ONE OF DONALD TRUMP’S superpowers is saying something one moment, contradicting it the next and convincing most of the MAGA faithful that he has never changed his position. Other members of his administration do not possess this power, which is why they are struggling to deal with a right-wing furore surrounding the late Jeffrey Epstein. Before joining the government, a number of high-ranking officials claimed that the deep state was withholding explosive information about Epstein, a convicted paedophile, and his links to important people. Now that they are the state, they have had to admit it is all nonsense. On July 7th the Department of Justice (DoJ) said there was no secret information to release. But nothing convinces a conspiracy theorist of a cover-up like saying “nothing to see here”.
The Epstein affair had the hallmarks of a conspiracy theory. He was a rich financier with a Jewish surname and powerful acquaintances, including Bill Clinton, a former president, and Prince Andrew, a British royal. He was also a paedophile whom the state treated leniently. In 2008 he pleaded guilty to soliciting prostitution and soliciting a minor for prostitution. He was sentenced to 18 months in prison but served less than 13, during which he was outside the prison walls six days a week to work. Allegations that he brought children to his private island using a jet known to the press as the “Lolita Express” kept the grim gossip mill turning. The chatter among conspiracy theorists reached a new level when, in 2019, Epstein hanged himself in prison. He had been awaiting a new trial on federal sex-trafficking charges.
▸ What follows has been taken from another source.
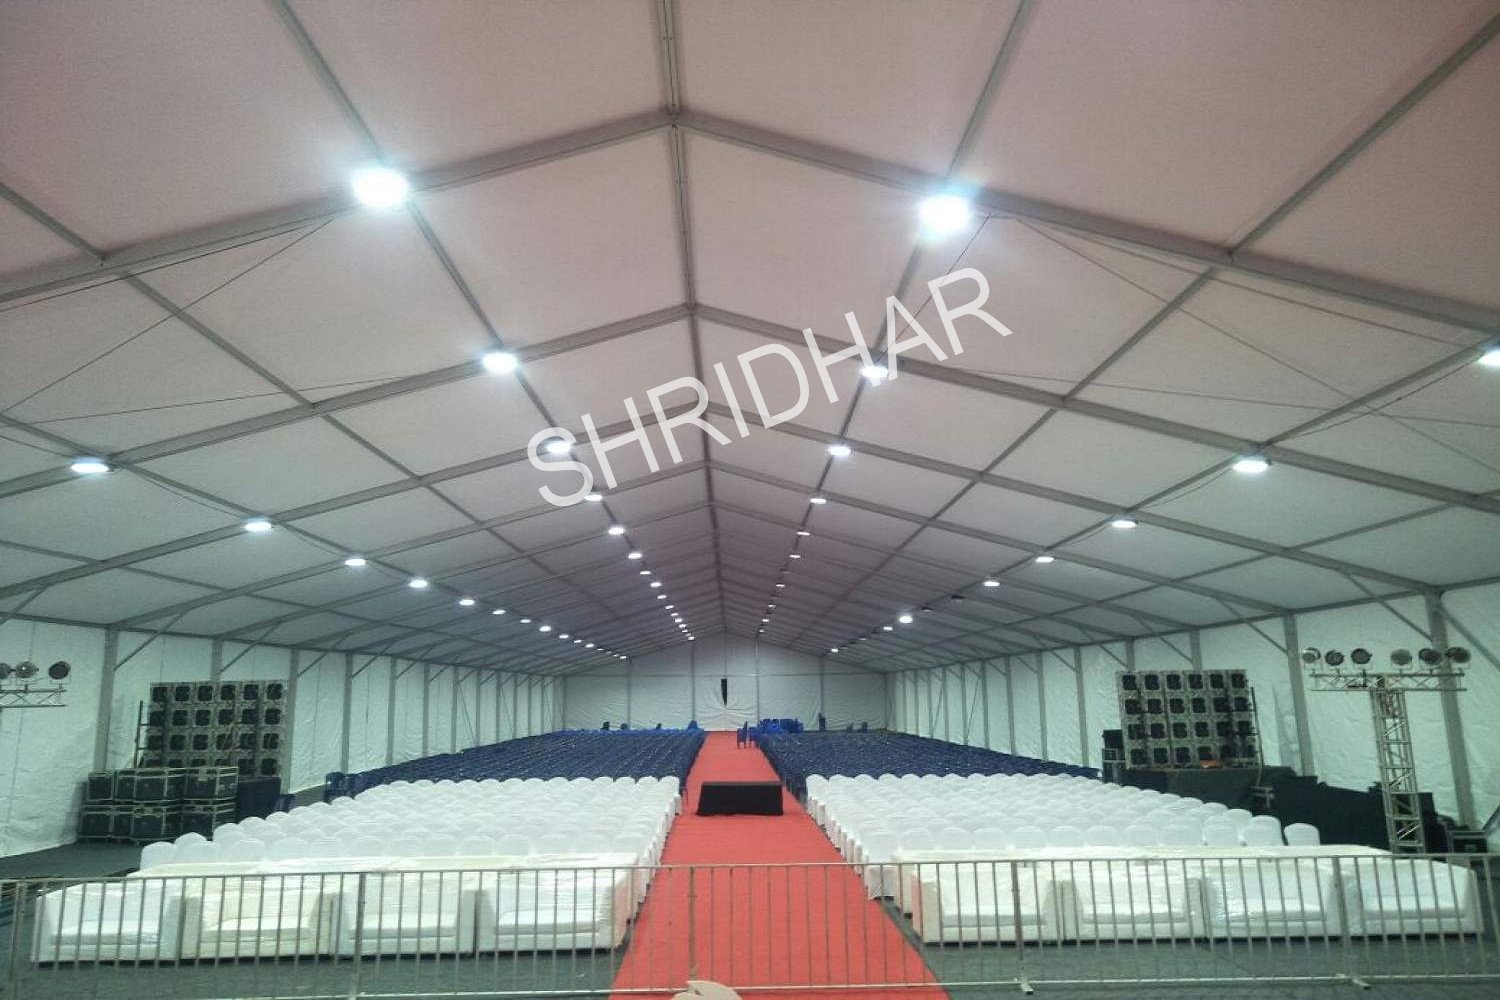 waterproof sheds industrial sheds for rent for hire in bangalore shridhar tent house

The conspiracies mainly focused on two things: whether Epstein had actually been murdered and whether he had a “client list”—a “Who’s Who” of paedophiles at the top of society. Information about both, claimed conspiracists, was being suppressed by the state. Future members of the Trump administration encouraged and even engaged in these speculations. In 2021 J.D. Vance, now the vice-president, implied that the government was protecting Epstein’s “clients”. Kash Patel, now head of the FBI, told Congress in 2023 to “put on your big-boy pants” and release the list. Mr Trump himself implied that Mr Clinton was tangled up in the Epstein affair.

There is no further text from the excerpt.